**Exercise:**
Word for word, return the lines from the start of the entries below through the line that has "Scandinavian Modern Vase".

**Excerpts from a dataset:**
____________

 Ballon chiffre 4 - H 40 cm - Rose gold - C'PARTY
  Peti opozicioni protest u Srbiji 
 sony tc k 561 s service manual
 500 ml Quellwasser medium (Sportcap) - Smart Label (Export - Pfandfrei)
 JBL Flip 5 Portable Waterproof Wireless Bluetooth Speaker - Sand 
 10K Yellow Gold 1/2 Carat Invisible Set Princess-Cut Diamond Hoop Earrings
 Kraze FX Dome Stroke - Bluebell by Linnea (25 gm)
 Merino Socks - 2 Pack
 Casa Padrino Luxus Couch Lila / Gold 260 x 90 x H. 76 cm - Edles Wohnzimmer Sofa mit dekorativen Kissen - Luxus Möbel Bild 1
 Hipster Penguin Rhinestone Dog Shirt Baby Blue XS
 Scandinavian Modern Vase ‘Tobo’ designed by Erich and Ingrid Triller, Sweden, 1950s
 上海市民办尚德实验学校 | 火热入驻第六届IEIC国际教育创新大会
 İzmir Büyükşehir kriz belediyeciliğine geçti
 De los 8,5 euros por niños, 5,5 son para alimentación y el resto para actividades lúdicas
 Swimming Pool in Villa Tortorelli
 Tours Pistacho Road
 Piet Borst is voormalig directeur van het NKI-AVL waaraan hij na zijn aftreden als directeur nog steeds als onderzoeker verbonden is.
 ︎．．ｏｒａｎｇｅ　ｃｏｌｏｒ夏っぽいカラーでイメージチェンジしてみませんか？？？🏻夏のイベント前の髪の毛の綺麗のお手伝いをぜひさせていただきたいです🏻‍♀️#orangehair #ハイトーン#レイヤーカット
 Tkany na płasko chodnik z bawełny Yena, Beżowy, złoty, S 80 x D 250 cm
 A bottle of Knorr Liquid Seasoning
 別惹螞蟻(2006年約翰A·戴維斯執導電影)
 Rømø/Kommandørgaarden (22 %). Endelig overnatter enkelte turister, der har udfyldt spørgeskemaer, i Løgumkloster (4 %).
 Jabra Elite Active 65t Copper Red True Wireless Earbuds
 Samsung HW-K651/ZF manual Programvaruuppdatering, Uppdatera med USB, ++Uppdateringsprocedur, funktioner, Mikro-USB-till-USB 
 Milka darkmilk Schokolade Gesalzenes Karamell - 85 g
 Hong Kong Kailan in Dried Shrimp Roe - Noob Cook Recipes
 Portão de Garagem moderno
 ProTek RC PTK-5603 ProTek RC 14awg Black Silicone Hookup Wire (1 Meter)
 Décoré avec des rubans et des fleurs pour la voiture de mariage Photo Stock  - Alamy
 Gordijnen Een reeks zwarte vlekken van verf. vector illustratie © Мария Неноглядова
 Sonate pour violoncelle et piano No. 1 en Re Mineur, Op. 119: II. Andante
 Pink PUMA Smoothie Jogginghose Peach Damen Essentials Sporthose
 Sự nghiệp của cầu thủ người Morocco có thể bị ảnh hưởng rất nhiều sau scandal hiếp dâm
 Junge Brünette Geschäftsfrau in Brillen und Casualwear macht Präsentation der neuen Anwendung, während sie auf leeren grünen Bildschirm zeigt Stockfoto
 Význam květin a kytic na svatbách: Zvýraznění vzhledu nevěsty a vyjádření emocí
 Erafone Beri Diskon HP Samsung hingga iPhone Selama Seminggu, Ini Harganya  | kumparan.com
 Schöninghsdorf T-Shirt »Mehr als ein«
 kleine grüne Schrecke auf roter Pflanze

____________

**Solved problem:**
 Ballon chiffre 4 - H 40 cm - Rose gold - C'PARTY
  Peti opozicioni protest u Srbiji 
 sony tc k 561 s service manual
 500 ml Quellwasser medium (Sportcap) - Smart Label (Export - Pfandfrei)
 JBL Flip 5 Portable Waterproof Wireless Bluetooth Speaker - Sand 
 10K Yellow Gold 1/2 Carat Invisible Set Princess-Cut Diamond Hoop Earrings
 Kraze FX Dome Stroke - Bluebell by Linnea (25 gm)
 Merino Socks - 2 Pack
 Casa Padrino Luxus Couch Lila / Gold 260 x 90 x H. 76 cm - Edles Wohnzimmer Sofa mit dekorativen Kissen - Luxus Möbel Bild 1
 Hipster Penguin Rhinestone Dog Shirt Baby Blue XS
 Scandinavian Modern Vase ‘Tobo’ designed by Erich and Ingrid Triller, Sweden, 1950s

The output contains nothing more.